Marta Vincenzi è stata sindaca di Genova con il Pd e a suo tempo vittima delle toghe.
Dal novembre 2012 viene coinvolta dall’inchiesta giudiziaria relativa all’alluvione di Genova del 4 novembre 2011, in cui avevano perso la vita sei persone.
Il 20 giugno 2014 è rinviata a giudizio e annuncia di voler rientrare in politica «non tanto per ricoprire una carica ma per prendere parte al dibattito politico, non essendo un processo per corruzione».
Il 28 novembre 2016 viene condannata a 5 anni di reclusione per omicidio colposo plurimo, disastro colposo.

La sua Liguria è una regione sfortunata, dal punto di vista delle inchieste. Che partono roboanti e finiscono in un magnifico nulla
«Ho letto per ora solo il comunicato stampa della Procura. Non ho chiaro il quadro… è una vicenda che appare complessa, con più filoni uno sull’altro. C’è il tema del voto di scambio. Potenziale, perché quando parliamo di inchieste ricordiamoci che parliamo di ipotesi. Io, essendoci passata, dico come il poeta: ‘Il cor mi si spaura’”. E l’altro legato alle concessioni portuali. Come si uniscano i due filoni, non mi è chiaro. Non capisco se ci sono indagini collegate o sono più punti messi insieme».

Molti da sinistra chiedono dimissioni immediate.
«Io auguro a tutti di poter dimostrare la loro piena innocenza. Lo auguro sempre a tutti. Se tutto fosse vero, mi farebbe una tristezza infinita pensare a una Regione in queste condizioni. Le indagini non parlano di un sistema di potere malato ma di una regione malata.
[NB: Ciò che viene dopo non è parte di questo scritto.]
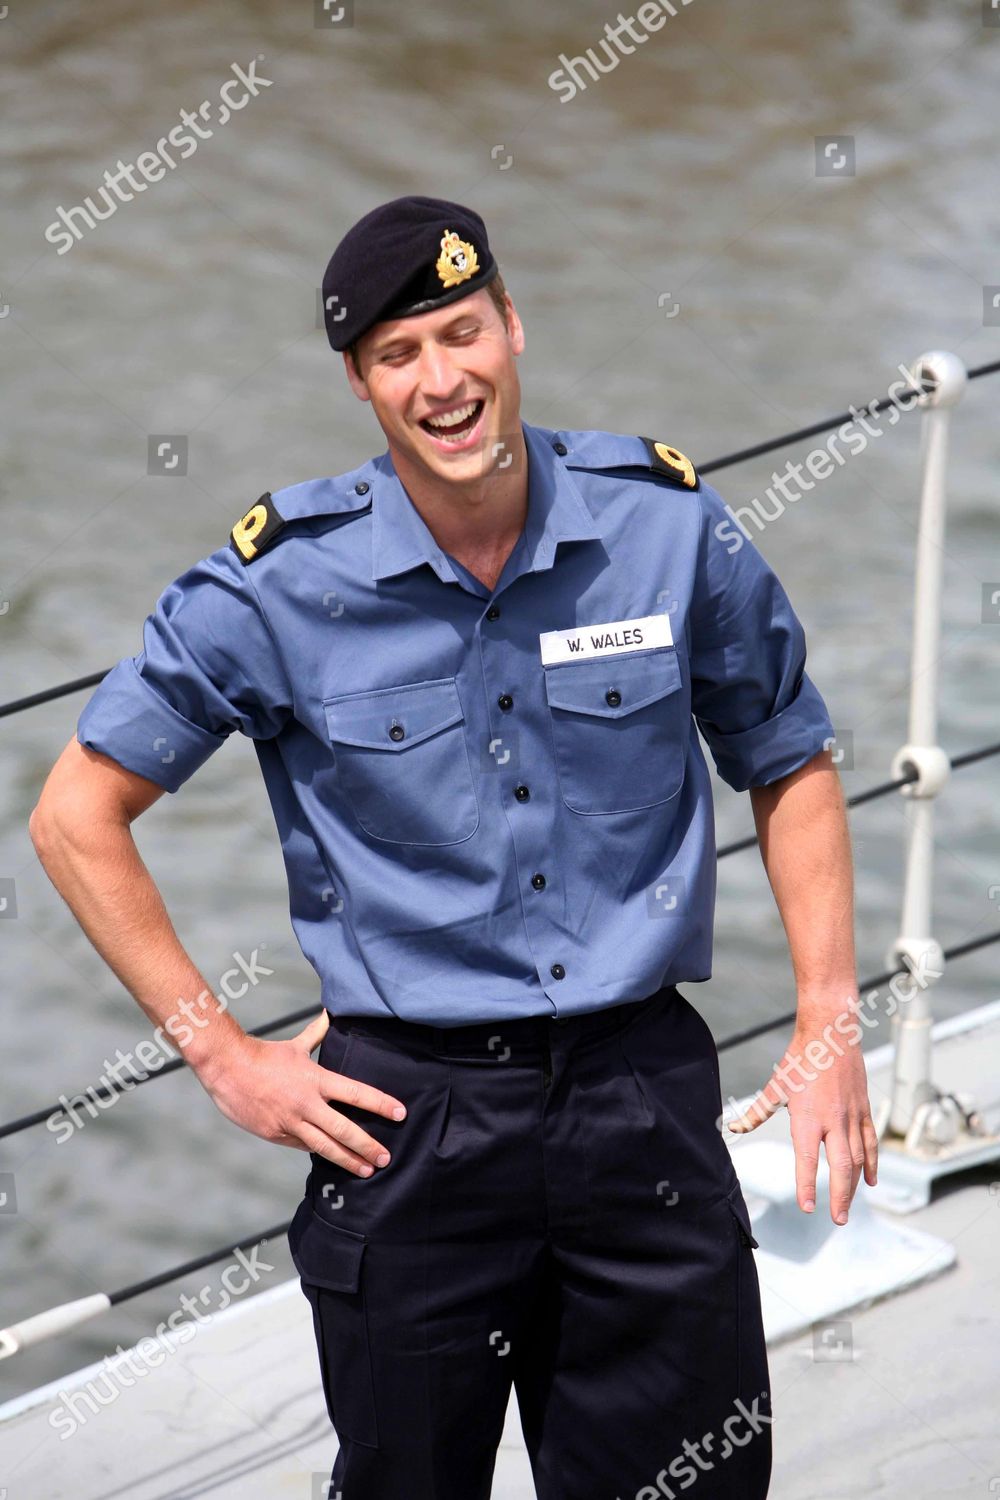 prince-william-training-with-the-royal-navy-at-britannia-royal-naval-college-dartmouth-britain-shutterstock-editorial-767070n.jpg

Perché sono indagini che parlano di istituzioni, amministrazioni, imprese, di modalità in cui si opera a livello territoriale…»

Troppe volte abbiamo visto inchieste importanti finire nel nulla
«Sì. Troppe volte lo abbiamo visto. E questo è un punto interrogativo che rimarrà tale per un po’. Le perplessità rimangono aperte, ma ci vorrà un tempo infinito per capire se questa inchiesta parla di cose pescate a strascico o se si tratta di indagini raffinate».
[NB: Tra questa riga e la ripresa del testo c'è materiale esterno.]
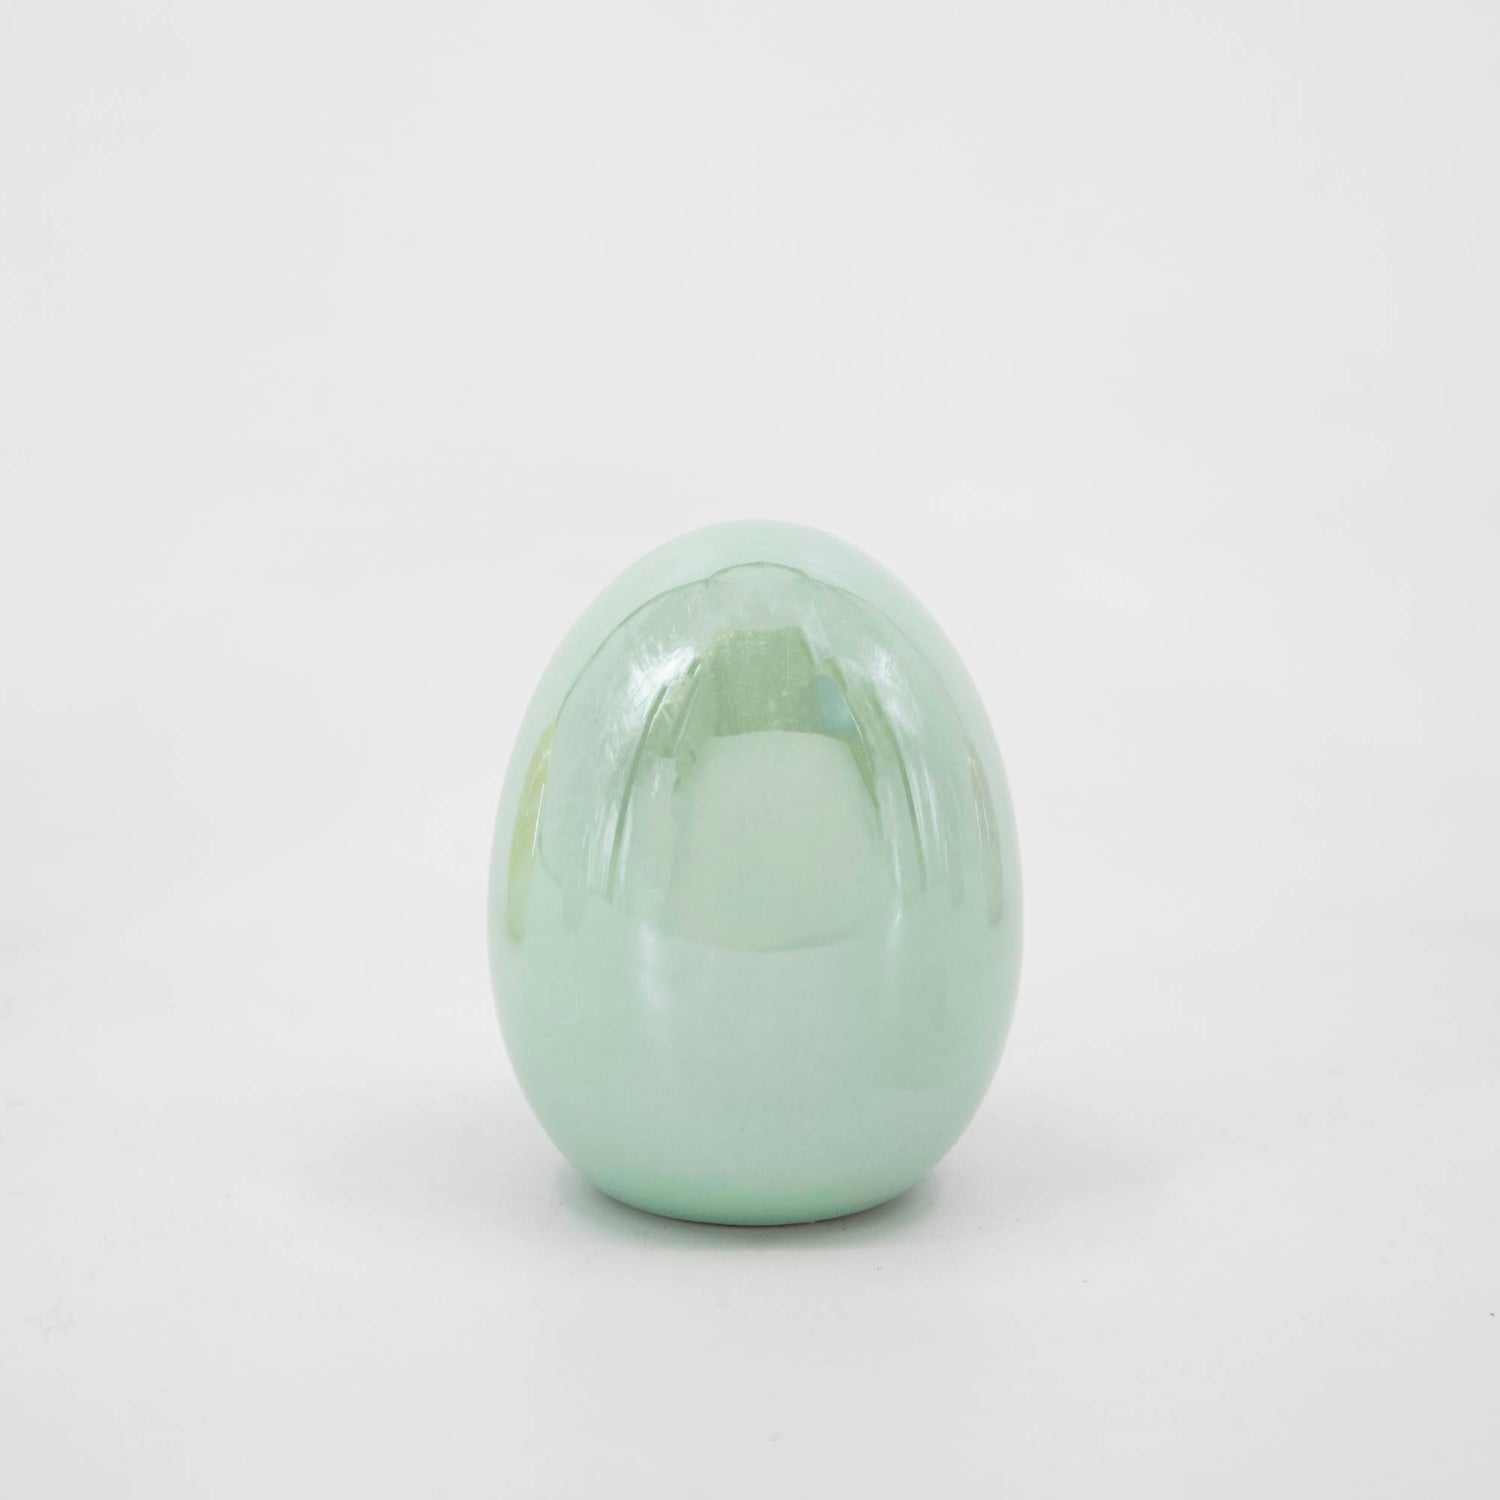 A Small Iridescent Easter egg on a white background from Glitterville.

Lei stessa è stata vittima di un sistema giudiziario che l’ha colpita pesantemente.
«E’ certamente vero. E sono passati tredici anni, adesso possiamo dire che è una vicenda finalmente conclusa. E’ stata una vicenda che ha pesato molto sulla vita politica e che ha posto fine a un’esperienza amministrativa che aveva avuto il consenso degli elettori. Posso solo dire che almeno non ha determinato nell’immediato il cambio di maggioranza. Era un’amministrazione che aveva messo in essere una serie di cambiamenti che sono stati fermati».

Che giudizio politico dà della Giunta Toti?
«Io non ho apprezzato molto l’azione amministrativa dei suoi due mandati e non mi piacciono, non mi convincono molte delle scelte che ha fatto.
Però mi piacerebbe ragionarne politicamente e non per via giudiziaria. Considero una sciagura che si debba far ricorso a queste scorciatoie giudiziarie per parlare dell’operato di una amministrazione»

Cosa gli direbbe?
«Se Giovanni Toti pensa di essere nel giusto, come pensavo di essere anche io, gli consiglio di essere il più fermo possibile sulle sue posizioni. Non dico stare sereno, non si usa più. Ma ribadisca le sue ragioni a testa alta».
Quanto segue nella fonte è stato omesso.